Our .NET work cut manual management effort by 40% for an investment firm client; construction teams get the same margin clarity when job costs move out of spreadsheets and into structured, queryable systems. .NET development for construction companies is custom software, built on Microsoft's .NET 8 stack, that connects field platforms, accounting systems, and subcontractor workflows into one auditable data layer. We build this type of work across multiple sectors, covered in our industry solutions overview.

Why construction companies need .NET development right now

Construction margins are tighter than they have been in a decade, and compliance pressure is rising. The Occupational Safety and Health Administration (OSHA) consistently ranks construction as the most-cited industry for serious violations. The Bureau of Labor Statistics reports that falls, struck-by incidents, electrocution, and caught-in hazards, collectively called construction's Fatal Four, account for more than 60% of construction worker deaths annually.
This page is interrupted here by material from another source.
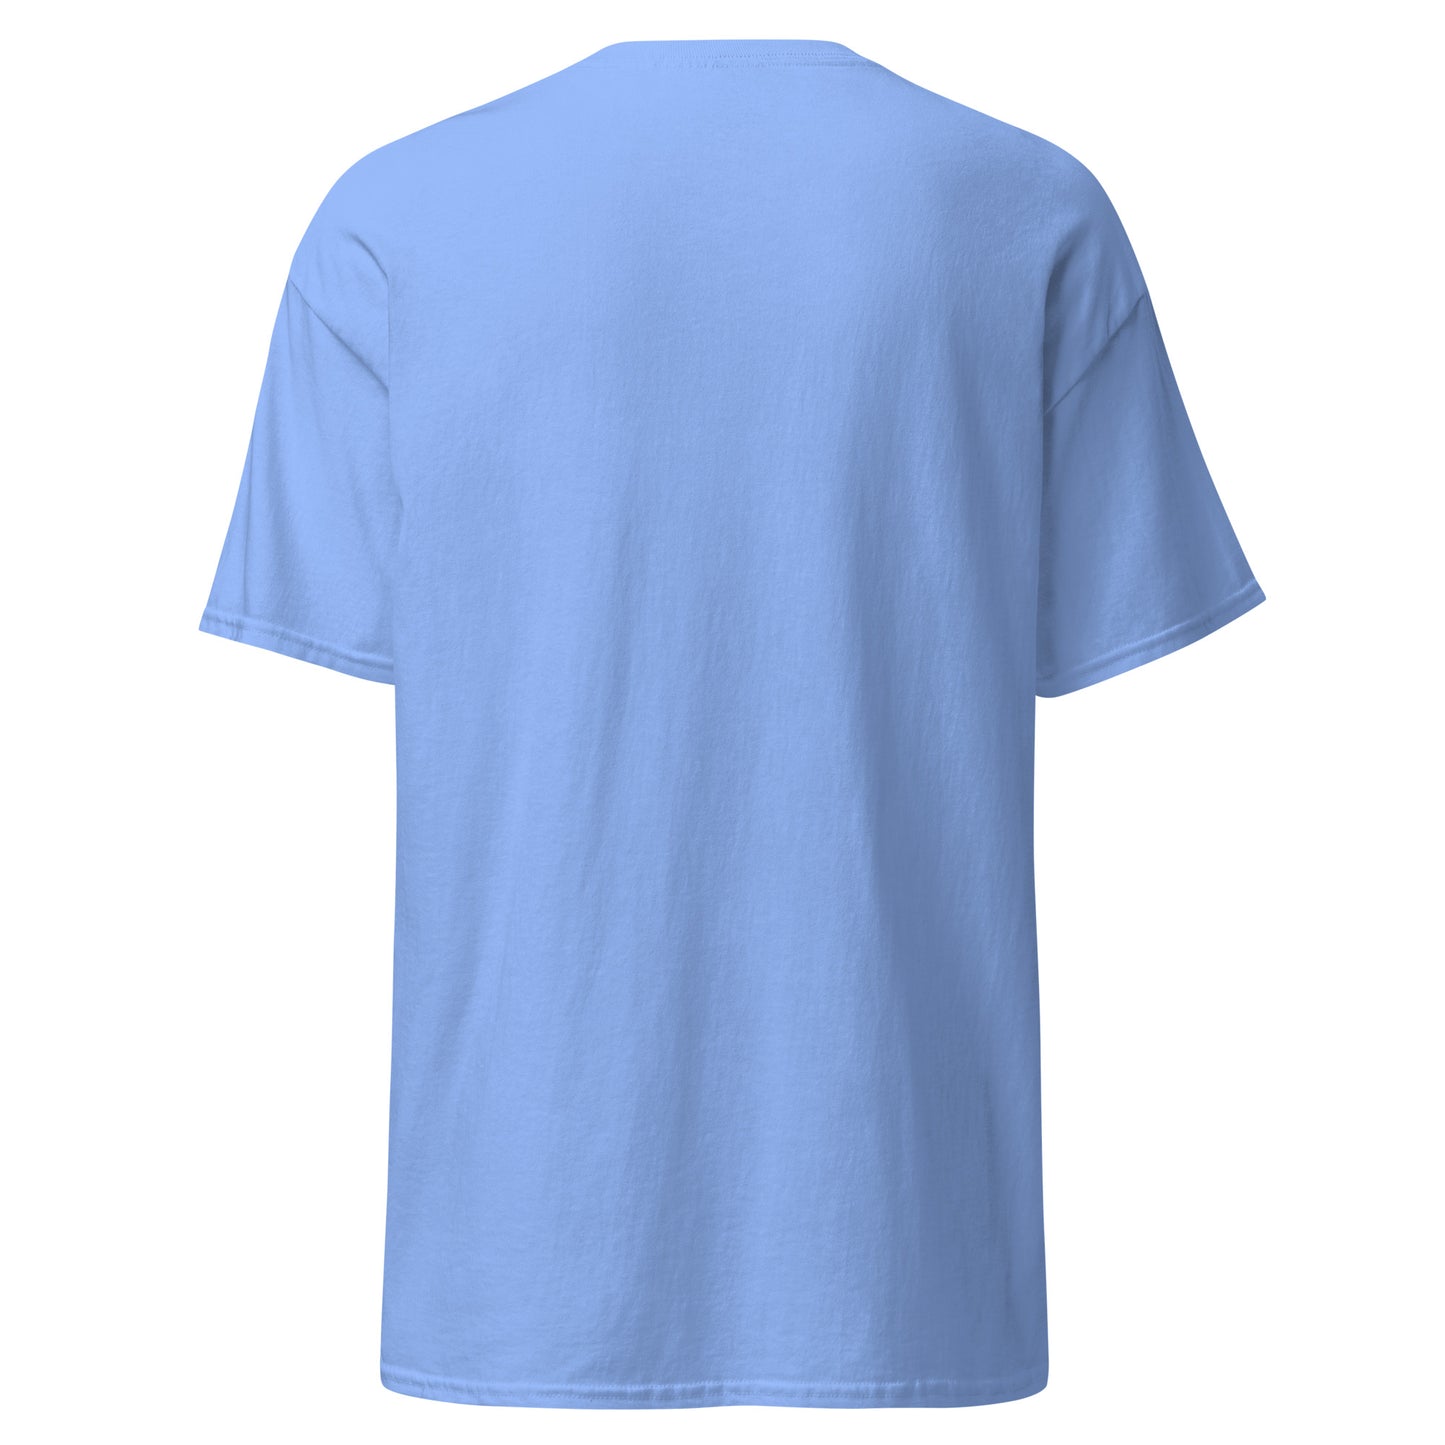 Customizable T-Shirt Front Print
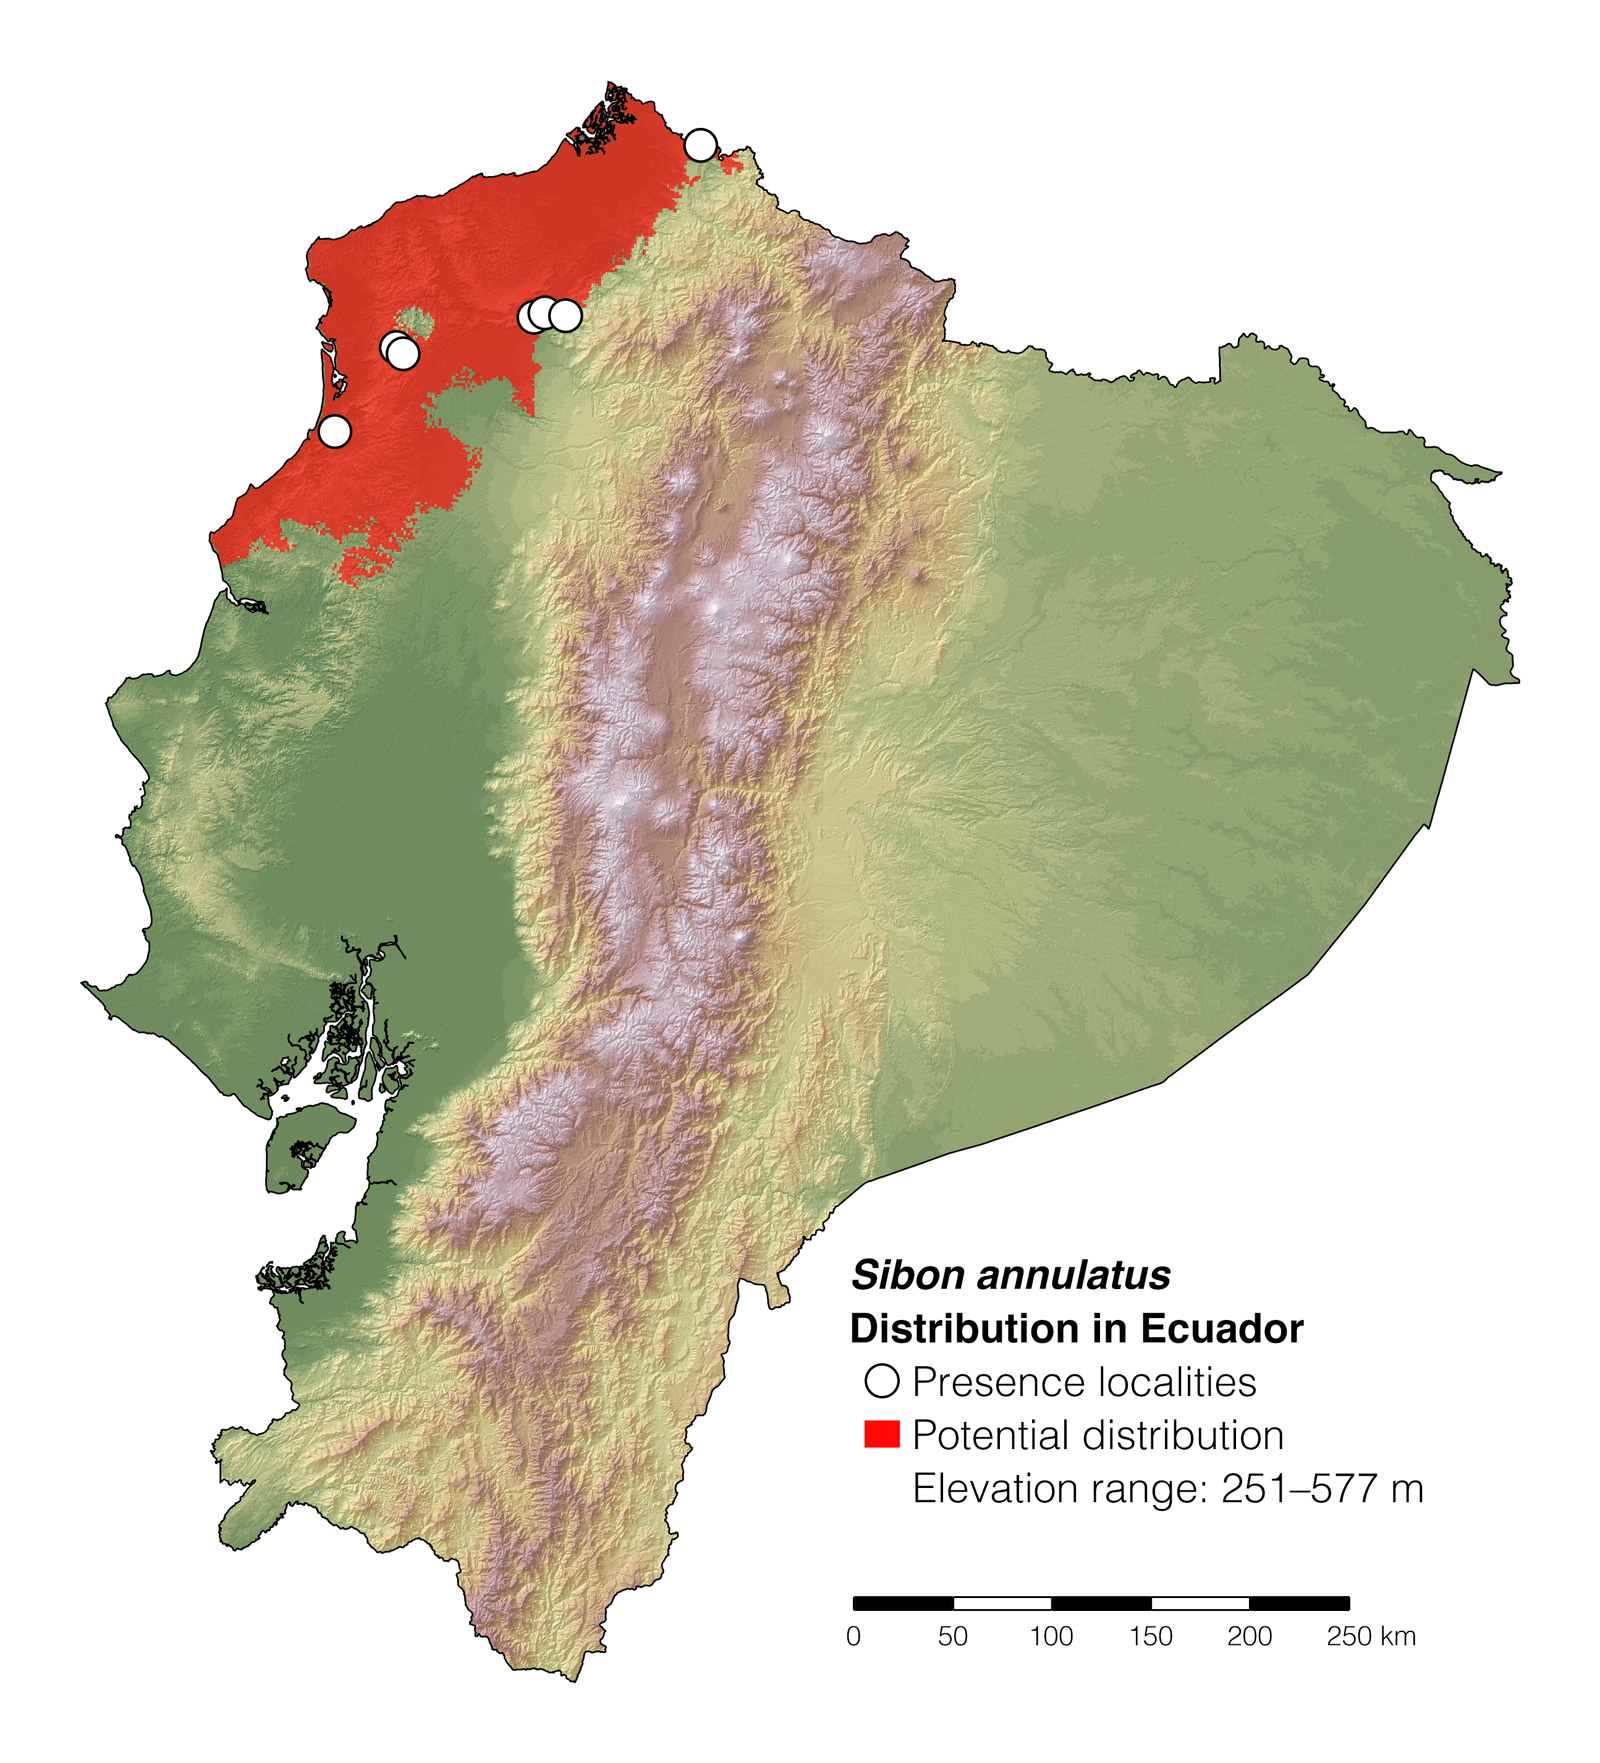 Distribution of Sibon annulatus in Ecuador

State contractor licensing boards in a growing number of jurisdictions now mandate digital submission of safety incidents and prevailing wage certifications.

The operational gap is specific and common. Most construction companies run Procore for project management, Sage 300 CRE for job cost accounting, Viewpoint for field reporting, and Bluebeam for document markup. None of these communicate natively. Project margin visibility lags by weeks because reconciling cost data across platforms is still a manual monthly task. Subcontractor coordination still happens by phone, generating no structured records. Safety reporting pulls a foreman off site for hours when structured software would handle it in minutes.

General contractors are also adding API integration requirements to subcontractor agreements. If your project data cannot feed into a GC's Procore environment, you are losing bid opportunities. That is a specific software problem with a specific solution.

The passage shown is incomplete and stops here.